Not very rock’n’roll, is it? But if old rock’n’roll was about living for the moment, the new challenge is longevity and not losing relevance.
No more touring?
Larry Mullen was the founder of the band and is still the heartbeat. Nothing happens without him. He also has a Dorian Gray thing about him. He has always looked much younger than his 56 years. He’s always fit and I’ve always loved those drummer’s arms. As we chat before the show, he tells me that these days those arms don’t come easy and neither does the drumming.
For Mullen, constant touring has been hard. In the 1990s, after a huge tour he simply took off on his motorbike and disappeared. It was some kind of reaction against the band and also an inability to cope with being home, but it’s long since been worked through. He’s had ambitions to further his acting career. “We’ll finish this and then there will be time to decide what we want to do next. I’d like to take a really long holiday.”
There’s something in the way he says it, not just tiredness, that makes me think maybe this really is it. “You never know. I assume there’ll be another album. I don’t know that anybody needs another U2 record or tour anytime soon. People could do with taking a break from us and vice versa.”
Will he try to resume acting? “I’d like to, but I had to put all that stuff on hold. The problem is if the tour gets changed, the album gets released at a different time and all bets are off. My agent said, ‘I can’t do this because you’re just not available,’ so I think I will re-employ the agent and tell them I won’t be doing this for a couple of years. I’d like to do something else.”
Shouldn’t the agent have kept him on the books? “Well, in fairness it was difficult. I wasn’t answering the phone.”
The perils of privilege
The next day we all travel from Boston to New York on Amtrak for three nights at Madison Square Garden. U2 have reserved an entire carriage for cast and crew. The Edge, with his wife and daughter, Sian, is the only band member on the train — the others all left after the gig last night to see their families. Yesterday was his 16th wedding anniversary. Did he give Morleigh a gift?
“You get special dispensation when you are on the road — she is with me and that is the best present.”
He’s very smiley when he talks about family and equally so on the subject of guitars. Does he really use 33 each night? “It’s possible.” In the early days, he only used one. Back then, Bono would hit some very high notes. “These days, we try to save his voice.
He has a good range. His top note would be a B these days, but he has hit C, which is what a top tenor would hit, and is very, very high. An opera singer would hit that maybe once a night.”
Earlier this month Bono lost his voice on stage in Berlin, and the show was cut short. He was back performing again three days later. I sense a strong concern for him.
“He has a very ambivalent attitude to his physical self.
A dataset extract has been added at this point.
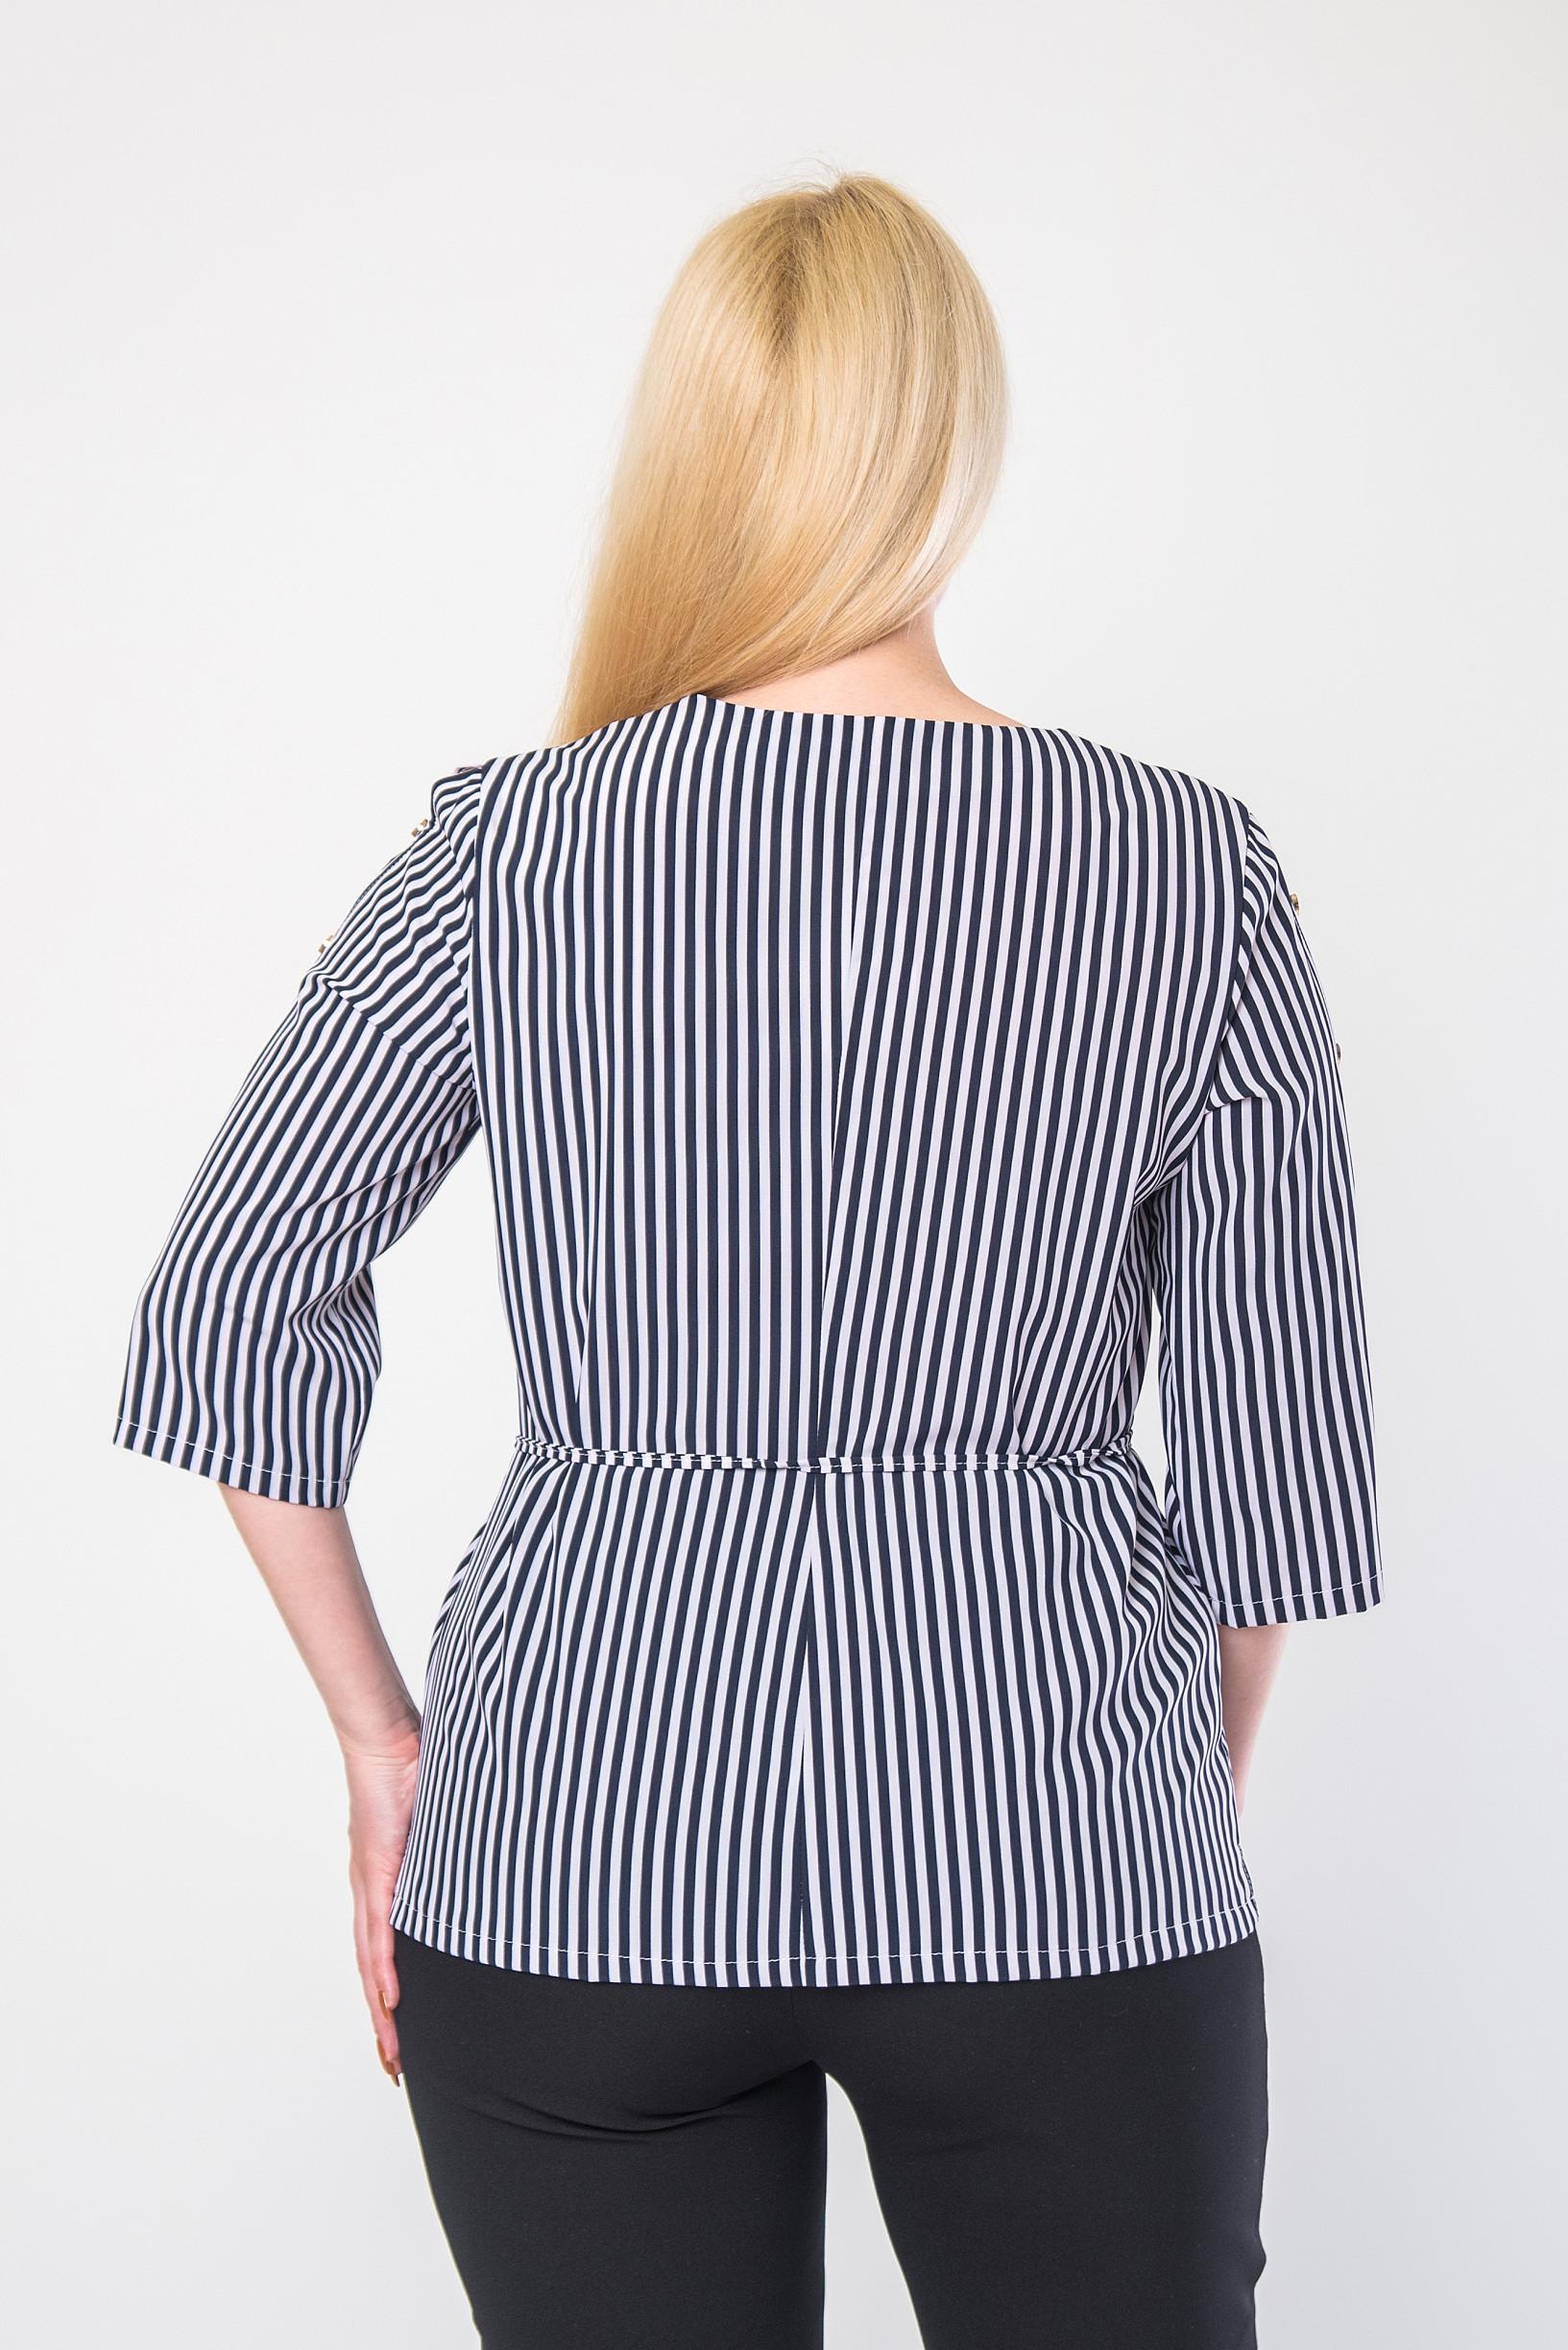 Элегантная женская блуза полоска б-9090

He doesn’t naturally take responsibility for his physical wellbeing. Which is fine in your twenties, but you get to a certain point … It is a difficult shift for him. If you spend too much time thinking you are old and past it, you probably can’t do it any more.”
We see passengers on the platforms peering in. Perhaps they can spot the odd vacant seat in our carriage and are wondering why they can’t get in. Being with the band is like being in a cocoon. You feel set apart, not so much alienated as special.
“I am not under any illusions that we are not to some extent institutionalized by being members of U2,” he says. “How could you not be?”
Sian is very smart and engaging. She appears in the show’s visuals and is also on the cover of the new album with Bono’s 19-year-old son, Eli Hewson. Last night in the bar, she and I bonded over dyslexia.
“I am sort of dyslexic when it comes to music,” the Edge tells me. “I am totally instinctive. I use my ear and am not technically proficient.”
The other night on stage, he looked perplexed when Bono said that he had gone off the rails. When did that happen? He laughs, knowing that it never has. The eyebrows arch as he briefly ponders just how devastating that would have been, not just for him but for the rest of the band.
“I have been pretty together through the years. I am sure we have all had our moments and lost our perspective and started to buy into the bullshit. That’s the hardest thing, to hold on to the perspective. The general rule is that everybody involved in any endeavour always overestimates their own importance while simultaneously undervaluing everyone else; once you realise that, you can start catching yourself.”
I tell him that I had to catch myself from feeling put out on the second night at the hotel when the U2 crew were only given a cordoned-off area in the bar, instead of the whole bar to ourselves like the first night. How had I become so arrogant in the space of two days?
“Good question. We all have that tendency to enjoy being made a fuss of. It’s a Seamus Heaney phrase, ‘creeping privilege’ — you have got to look out for it because it can turn you into a monster, or somebody who needs help, a victim. And you don’t want to be that.” He laughs his wise laugh.
“That is the good thing about being a band member, we all spot each other’s tendencies to go off track. We are peers and equals. Solo artists have no peers or equals.”
Do they actually criticize each other? “It generally doesn’t have to be said, it just becomes clear. That’s the nature of our band culture, things get figured out. There have been very few times when we’ve had to have what you might call an intervention. It’s what friends do for each other, because that’s what we are, a bunch of friends.”
It was their first manager, Paul McGuinness, who looked after the band for 35 years, who suggested very early on that the band should split everything equally. This levelling seems to have kept them together. So many bands split up because of egomania and rivalry.
“It was a piece of genuine wisdom. It took us about three minutes to consider and go, ‘Yes, that’s a good idea.’ ”
When the train pulls into Penn station, we head off in opposite directions. I’m already sad to leave behind the cocoon, my rock’n’roll family. What if this really is the end?